- Origin: Drayton Valley, Alberta, Canada
- Years active: 1975–1981, 1988–1995
- Labels: Vera Cruz Savannah
- Past members: Winston Quelch Bob Burghardt Randy Lloyd Michael Shellard Ian Oscar Ron (Rocko) Vaugeois Steve Pugsley Brent MacNab James Wright Gord Maxwell Larry Pink Jim Foster Greg Dunstan Andreas Schuld

= One Horse Blue =

Canadian country rock music group

One Horse Blue was a Canadian country rock music group that existed from 1975 to 1981 and, as reconstituted, from 1988 to 1995, releasing five albums.

==History==

The band first formed as Pickens in 1975 in Edmonton, Alberta, with members Winston Quelch (guitar), Bob Burghardt (guitar), bassist Randy Lloyd, and drummer Ron (Rocko) Vaugeois. In 1977, the band asked Ian Oscar of Stash to join on vocals. When Oscar joined, the band changed their name to One Horse Blue after the 1974 Poco song from the album Cantamos. Guitarist Michael Shellard came on board shortly after, and the band began touring across Canada. In 1978, they linked up again with producer Wes Dakus who had assisted on an earlier Pickens single; Dakus took the band into Sundown Recorders to cut their first album, One Horse Blue on Vera Cruz Records, with the lead single "Deliver Me". They charted several singles on the RPM Top Country Tracks charts and recorded four albums before disbanding in 1981.
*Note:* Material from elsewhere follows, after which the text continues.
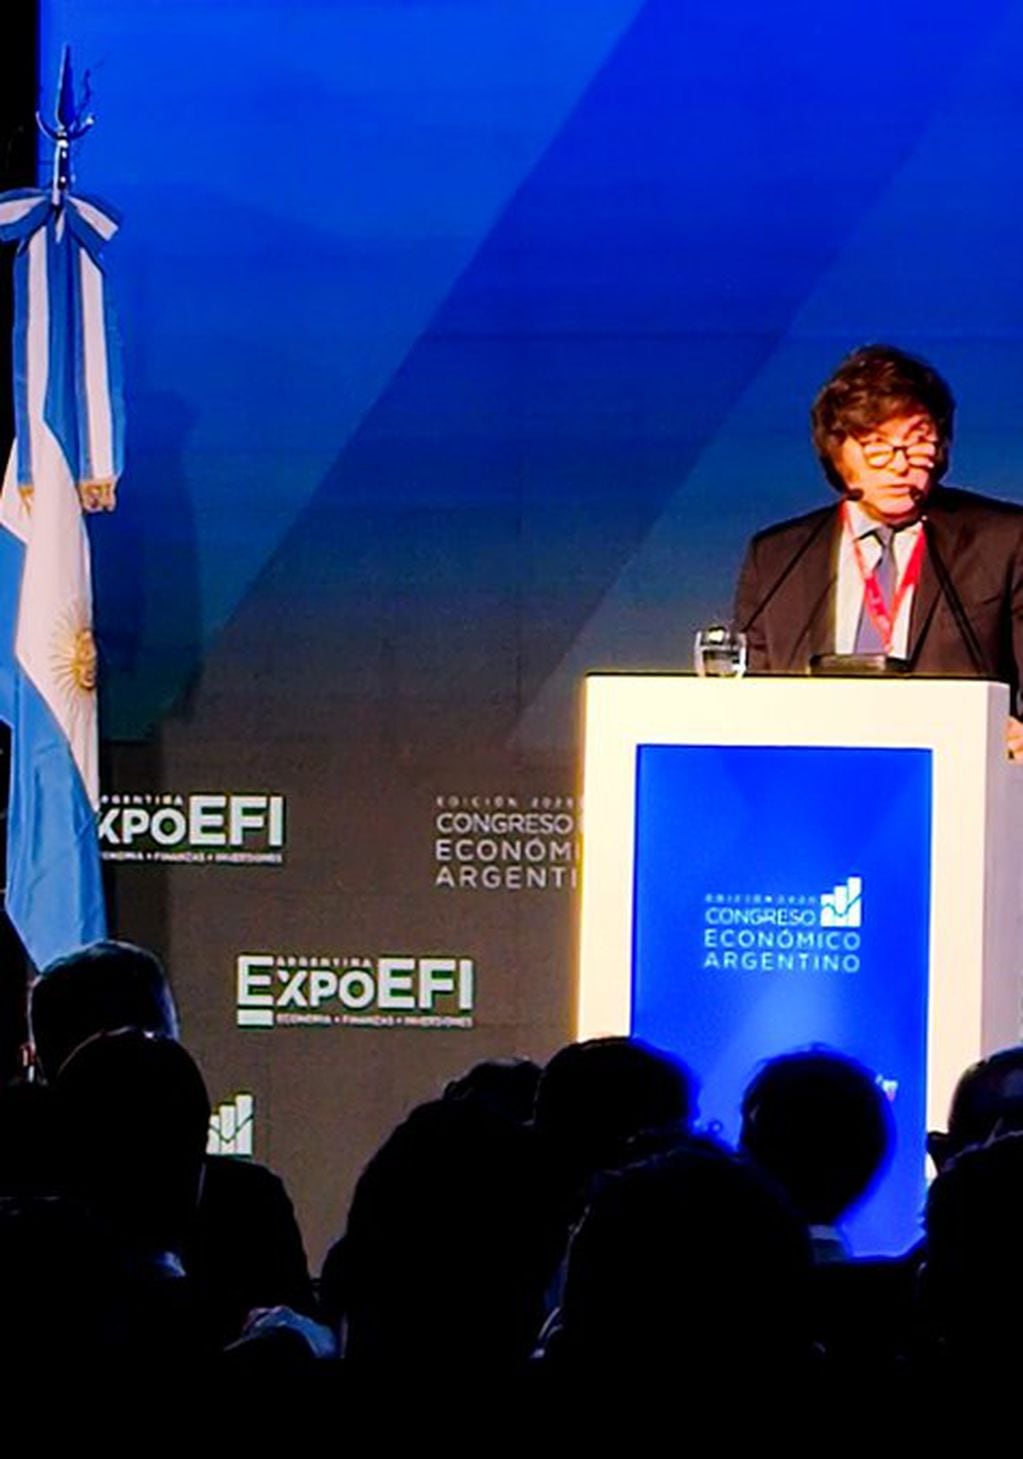 El candidato presidencial de La Libertad Avanza durante su discurso en la Expo EFI, en La Rural. Foto: Twitter / @EleoValentini

By 1988, Shellard and Vaugeois had reformed the band, with new members Gordon Maxwell and Larry Pink, as well as Andreas Schuld taking over on guitar. This line-up recorded the band's fifth, self-titled album, released in 1993. The album produced six Top 10 singles, including two Number One hits in "Hopeless Love" and "Bringing Back Your Love". In 1993 Schuld left the band and was replaced by Jim Foster, co-founder of Fosterchild.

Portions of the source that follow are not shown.